Inspired by the success of the information standard for microarray analyses (MIAMA), the need for a similar minimum information about a phylogenetic analysis standard (MIAPA) has been suggested (16). Although the developing of MIAPA standards is still on progress, several general guidelines have been proposed (16). In accordance to these guidelines, PhylomeDB provides comprehensive information on the programs and parameters used for each step of the pipeline so that the phylogenetic reconstruction can be reproduced. Since the same phylogenetic pipeline is applied to all seed proteins in a phylome, such details are provided in the features page of the corresponding phylome. Moreover, all alignments and trees rendered by the phylogenetic pipeline are provided in standard newick and phylip formats, respectively. As soon as new guidelines and MIAPA standards are developed, these will be implemented in PhylomeDB. Besides phylogenetic trees and alignments, PhylomeDB provides tree-based orthology and paralogy predictions. These predictions are generated from the seed sequence by mapping duplication and speciation events on the tree as determined by a species-overlap algorithm (3). In contrast to alternative, phylogeny-based methods that use reconciliation of the gene tree with the species tree, the PhylomeDB algorithm uses the level of overlap in the species connected to two related nodes to decide whether their parental node represents a duplication or speciation event. Briefly, the algorithm visits all nodes that connect the seed protein to the root of the tree and marks it as a duplication event if one or more species are shared by its two children nodes.

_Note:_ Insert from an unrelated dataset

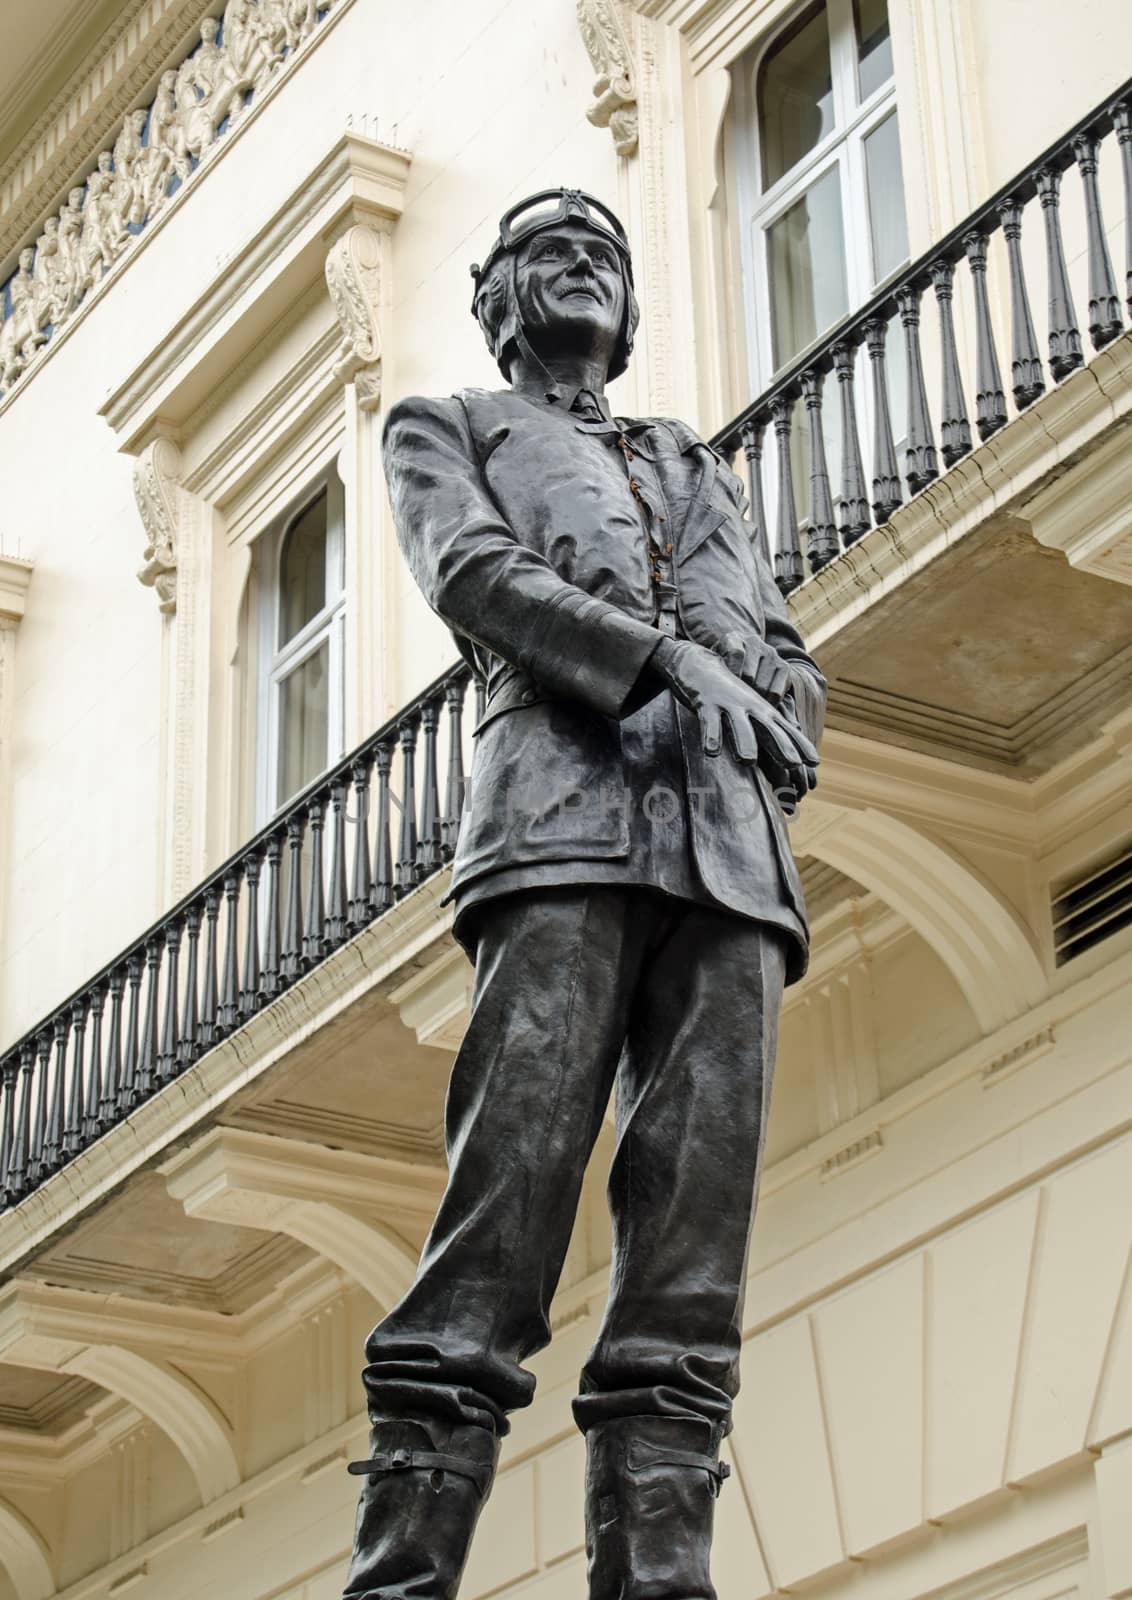 Monument statue to the late Air Chief Marshall Keith Park who led the RAF's Fighter Command during the Battle of Britain in World War II.  Sculpted by Les Johnson the statue is on public display next to the Athenaeum Club in Waterloo Place in the St James's district of London.

When the orthology prediction algorithm is launched, phylomeDB displays the list of predicted orthologs and paralogs for the seed sequence, as well as a tree with the corresponding speciation and duplication edges indicated in red and blue (Figure 3A), respectively, are provided. The full set of predicted orthology and paralogy relationships for each phylome can be downloaded from the download section of the database.

Figure 3. — Visualization of phylogenetic trees: different views of the ML phylogenetic tree, using JTT evolutionary model, for the seed protein (Hsa0017176), as displayed by the environment for tree exploration tool (ETE). Trees can be represented in rectangular (A), circular (B) or radial (C) modes. Several information labels such as support values or branch distances (A) can be displayed on nodes and edges, which can also be colored to indicate different evolutionary event. In (A) an example is shown where the lineages leading to the seed protein (Hsa0017176) are colored in blue or red to mark duplications and speciation events, respectively. This feature is shown after running the orthology prediction algorithm by clicking on the ‘orthologs’ icon. Using the ETE toolbar (icons on the top of the section A), the user can navigate within the tree and browse it using different visualization options.

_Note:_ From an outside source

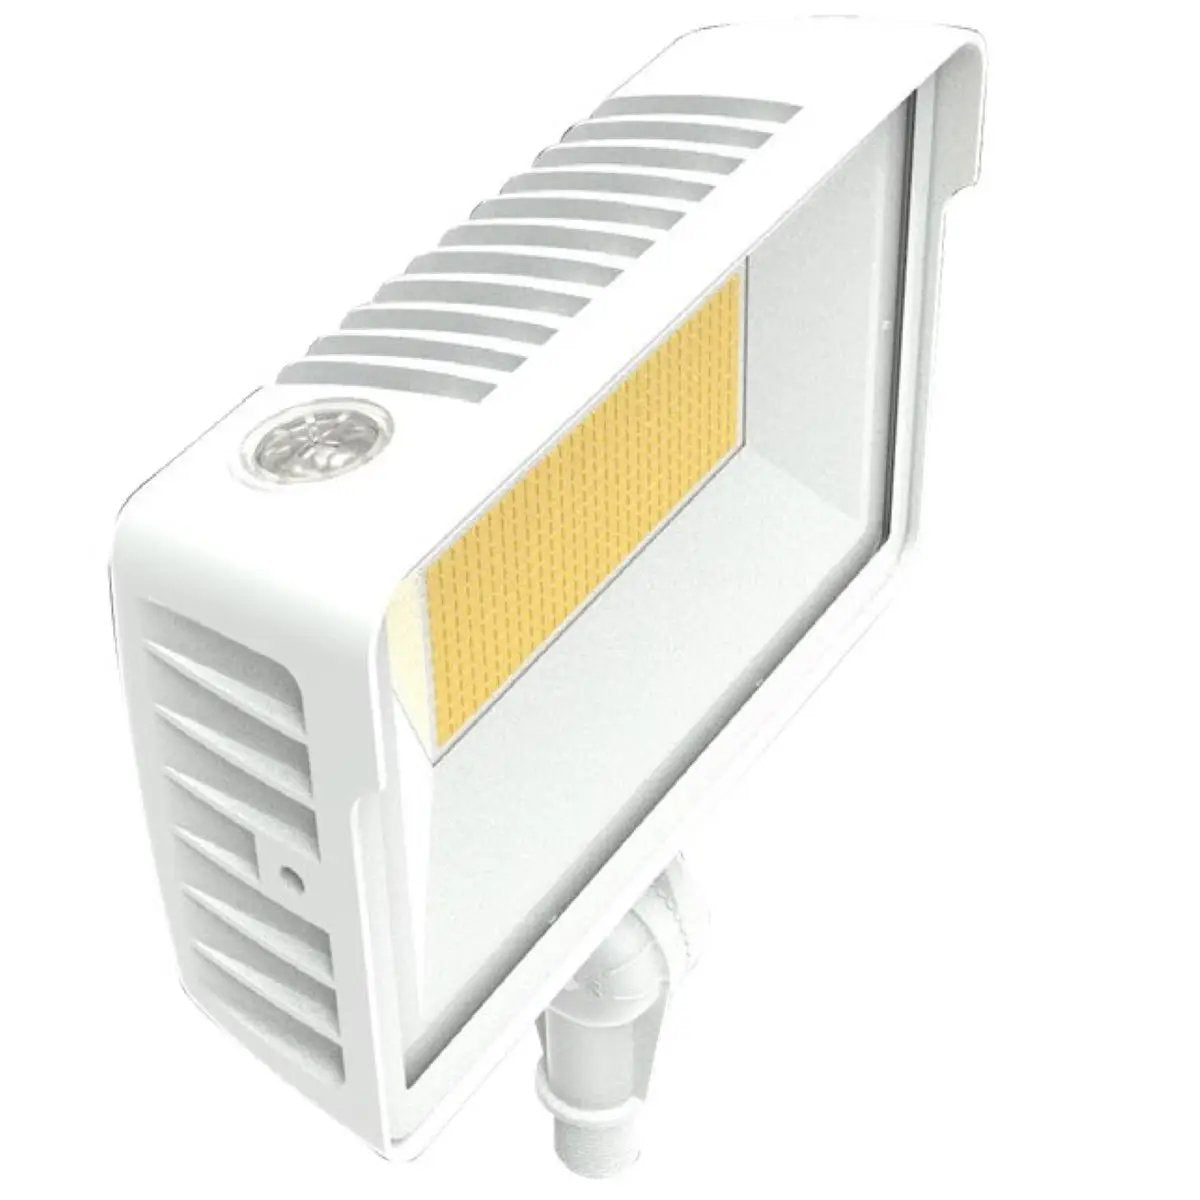 A Keystone Technologies Dusk to Dawn Flood Light with color selectable white light. Provides 8580 lumens, universal mounting options, and built-in dusk-to-dawn photocell for energy savings. UL Listed, IP65 Rated, DLC Premium Listed. 5-year warranty.

All protein sequences included in PhylomeDB are given a unique alpha-numeric ID (PhylomeID), which includes a three-letters code designating the species, followed by a sequential number. Codes for the 443 organisms included in PhylomeDB are listed in the features page of the corresponding phylomes. Correspondence between PhylomeIDs and IDs from external databases such as Swissprot and Ensembl are given in the corresponding sequence entries. Moreover, an ID converter tool provides the equivalences between Phylome ID and other selected IDs.

DATABASE ACCESS AND WEB FEATURES

Browsing and querying

PhylomeDB is publicly accessible at http://phylomedb.bioinfo.cipf.es. There are various ways in which users can access data stored in PhylomeDB. The database can be browsed by selecting a specific phylome from the home or content pages. In this case, a table appears that lists the entries to all the seed proteins included in the phylome. By clicking in a specific PhylomeID, the corresponding entry is shown. Each entry contains information on the seed protein and the homologous proteins included in the phylogenetic analysis together with the corresponding alignments and phylogenetic trees.

Moreover, an ID text-based search is available for users to search for specific proteins by their PhylomeID, Swissprot or Ensembl IDs, among others, and, finally, the user can search using a specific protein sequence. In such case, a Smith–Waterman search is performed against all seed proteins included in the database and the significant hits (e-value = 10⁻³), with links to their entry pages, are displayed.

Visualization

PhylomeDB provides all alignments, sequences and trees in separate files in a plain text format, so that the files can be downloaded and visualized with the user's favorite tool. Moreover, PhylomeDB incorporates multiple sequence alignment and tree visualization tools to facilitate the online visualization of the data. Alignments can be visualized with Jalview (Figure 2), which is a java application enabling fast viewing of large multiple sequence alignments (17). PhylomeDB implements a web plugin of the program ETE (Environment for Tree Exploration) developed by J. Huerta-Cepas. This program is an interactive tree viewer that implements different visualization, search and browse modes (Figure 3). Some of its most interesting features include the visualization of trees using rectangular, circular or radial representation modes, rooting options and functions to collapse and/or extract sub-trees. Selected (sub) tree visualization can be downloaded as standard PNG images. A complete description about the ETE interface can be accessed through the PhylomeDB user's manual page.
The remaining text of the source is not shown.